◆ **TASK**: Line by line, transcribe the data below exactly and pass over the images.

◆ **INFORMATION SHOWN**:
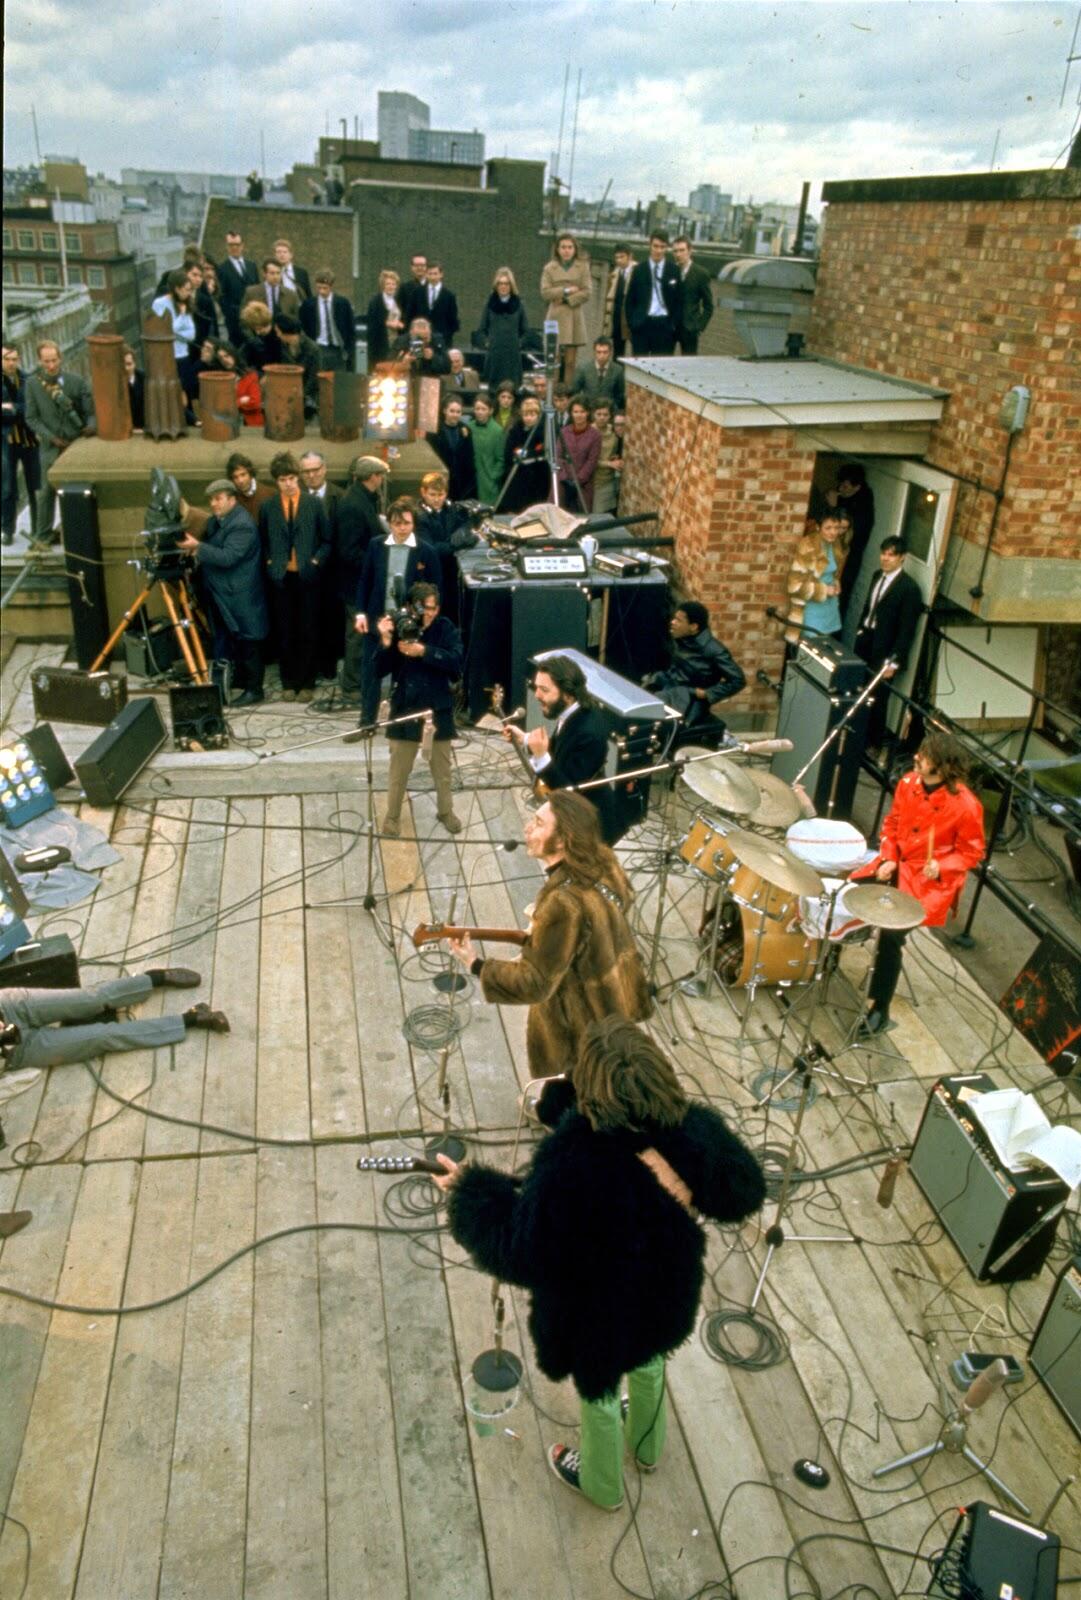 The Beatles' Rooftop Concert in 1969 (3)
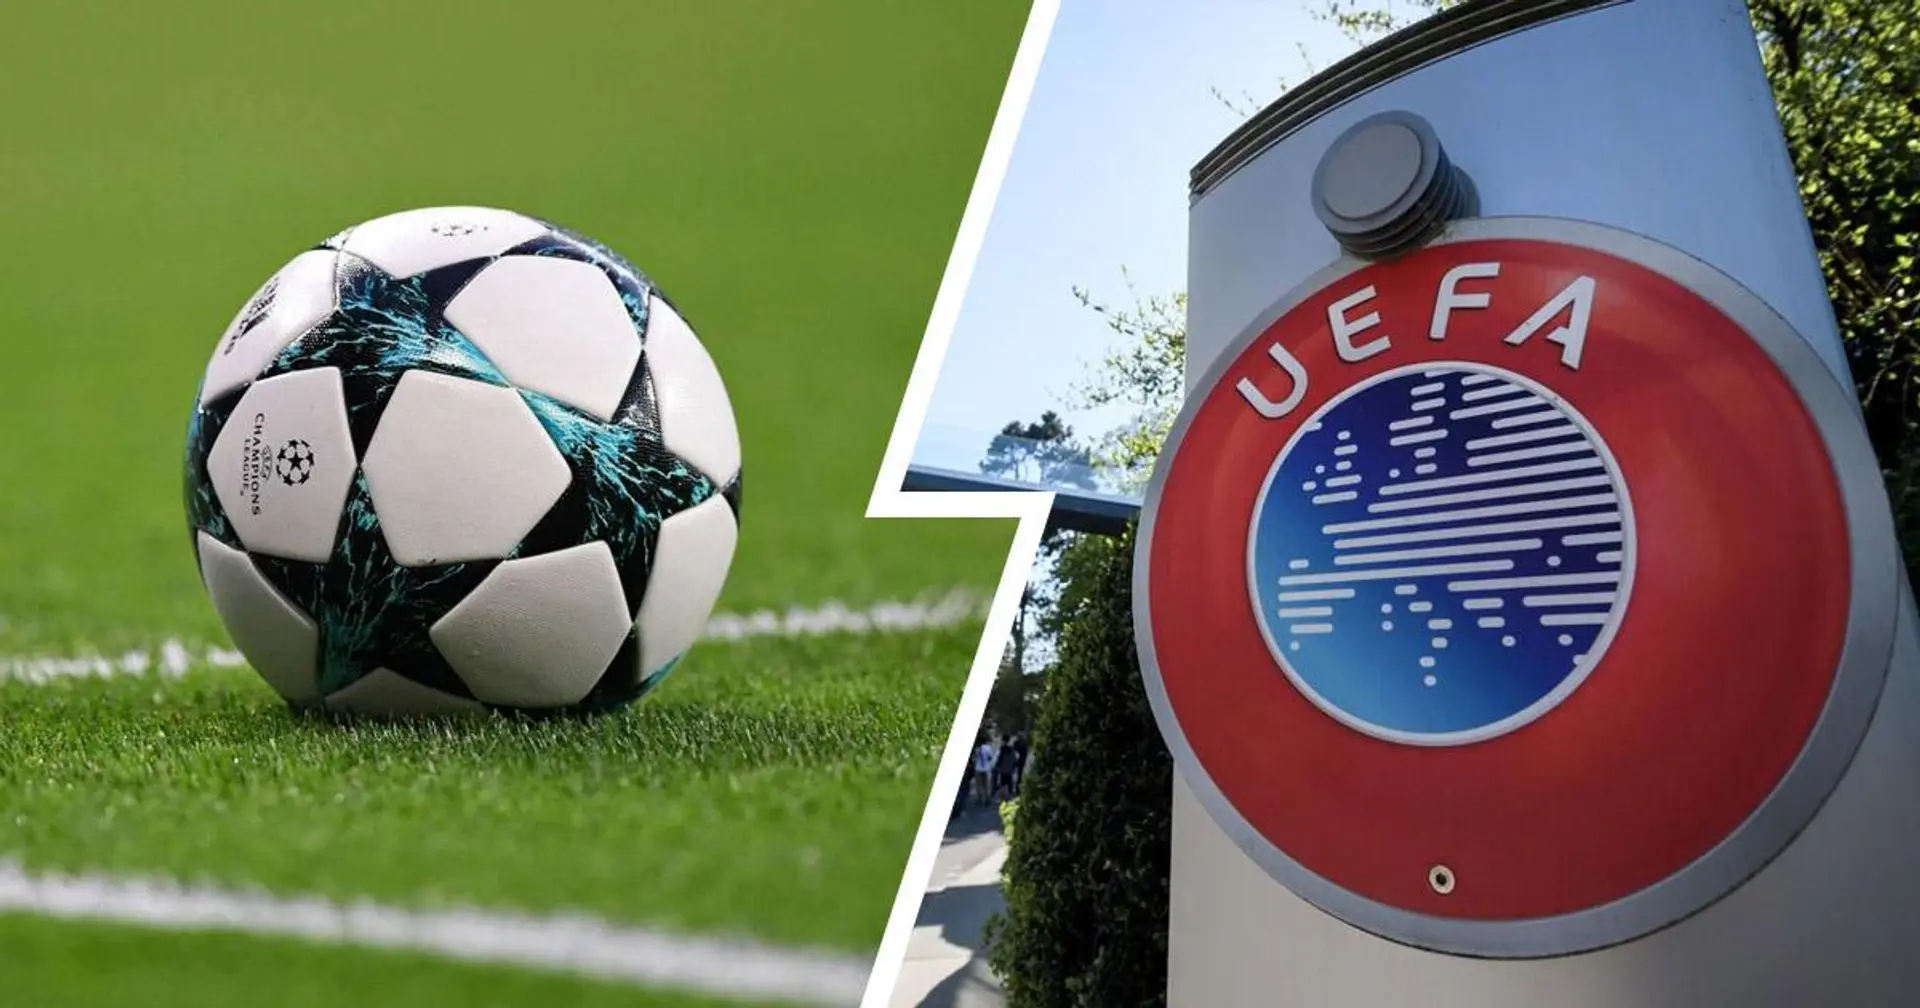 ⚡ OFFICIEL: l'UEFA supprime la règle du but à l'extérieur à partir de la saison 2021/22
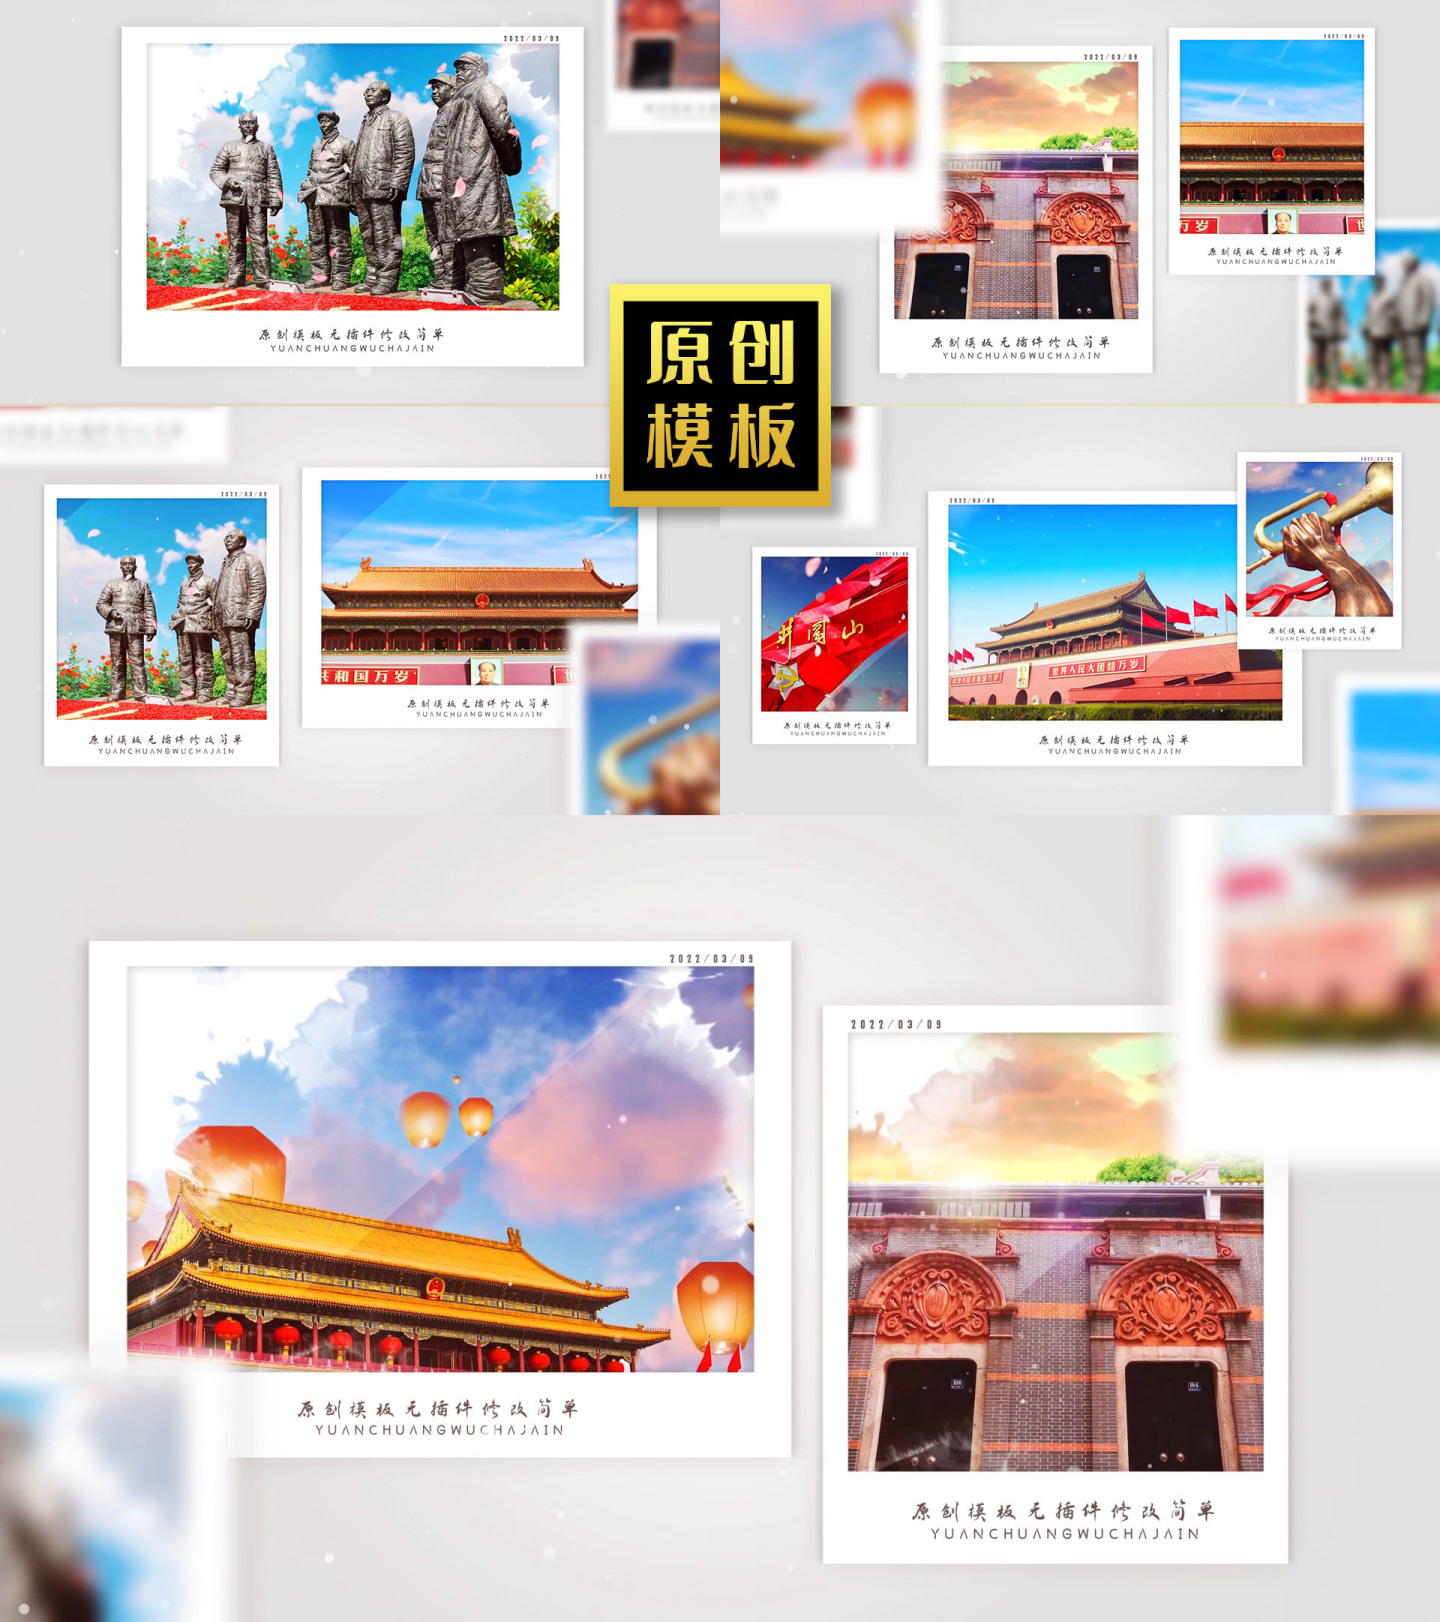 70图红色景点照片包装旅游纪念相册展示

◆ **REPLY TO THE TASK**:
 The Beatles' Rooftop Concert in 1969 (3)
 ⚡ OFFICIEL: l'UEFA supprime la règle du but à l'extérieur à partir de la saison 2021/22
 70图红色景点照片包装旅游纪念相册展示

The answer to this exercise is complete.